Colonel Benjamin H. Grierson

Colonel Benjamin Henry Grierson (shown above as Brigadier General) commanded a brigade of cavalry at Port Hudson under General Bank's command.

One of Grierson's main goals was the defeat and elimination of the Confederate cavalry forces under the command of Colonel John Logan, which operated outside the Port Hudson garrison throughout the siege.  Logan's men harassed the Union troops from the rear, attacked supply wagons, and were otherwise a major nuisance to Banks.  There were repeated skirmishes between the two cavalry units, but none decisive.  On June 3rd, Grierson led 1,300 men supported by eight cannon toward Clinton, determined to finish the Confederate cavalry.  Logan was alerted and a battle ensued, resulting in Grierson's forces being defeated and forced to retreat back to Port Hudson.  Banks then sent General Paine with a powerful force of infantry, cavalry, and artillery back to crush Logan, but the Confederates had escaped.

Prior to Port Hudson, Grierson had become famous for leading a cavalry raid (April 17-May 2) through Confederate areas of Mississippi to Baton Rouge, Louisiana, this being known as "Grierson's Raid".  Primarily as a result of this he was promoted to Brigadier General, effective June 3, 1863.  The movie, "The Horse Soldiers", made in 1959 starring John Wayne, was based on Grierson's foray.

Benjamin Henry Grierson was born in Pittsburgh, Pennsylvania, on July 8, 1826.  After being educated in Ohio, he moved to Illinois and taught music, then entered business.  When the Civil War began, Grierson joined the army at Cairo on May 8, 1861, serving initially as a volunteer aide, with the nominal rank of Lieutenant.
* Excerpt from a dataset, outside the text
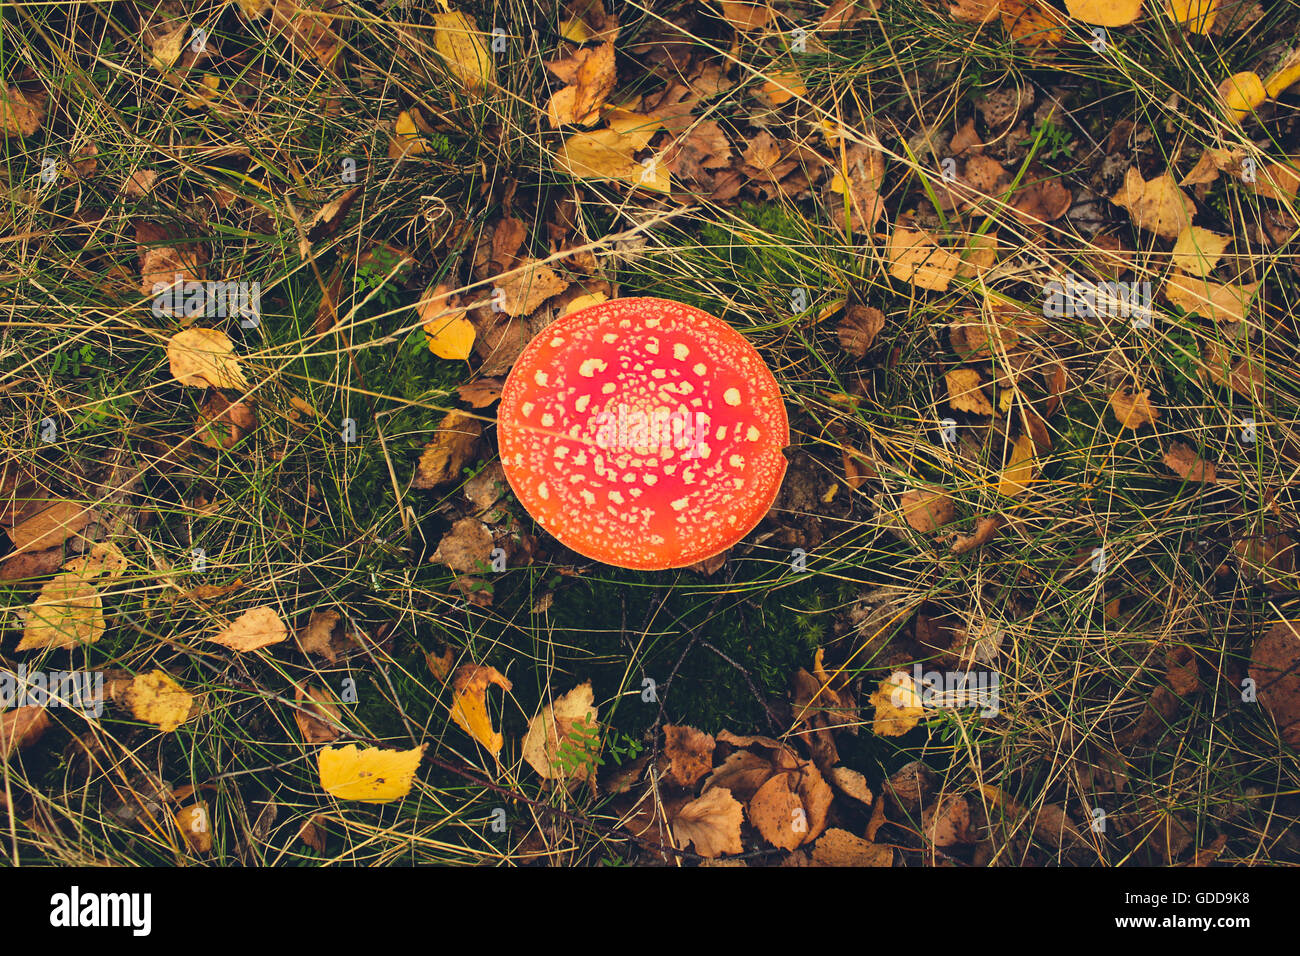 Fliegenpilz, fly Agaric, Pilze im Wald - Herbst Wald landschaft Stockfoto

On October 24, 1861, he was commissioned Major of the Sixth Illinois Cavalry, and on March 28, 1862 was promoted by choice of the regiment to be colonel.  While ascending through the military ranks, he took part in raids and skirmishes in West Tennessee and northern Mississippi.  He pursued the Confederate forces after their raid against the Union supply depot at Holly Springs, Mississippi.  Because of this action, he was given command of a cavalry brigade.  Although he lacked a formal military education, Grierson became a skilled Union cavalry leader.  After the Civil War, he was appointed colonel of the 10th US Cavalry, and took part in several actions against Indians.  Eventually, he became one of the few civilians who attained the rank of brigadier general in the Regular army.  Grierson died on September 1, 1911, in Omena, Michigan.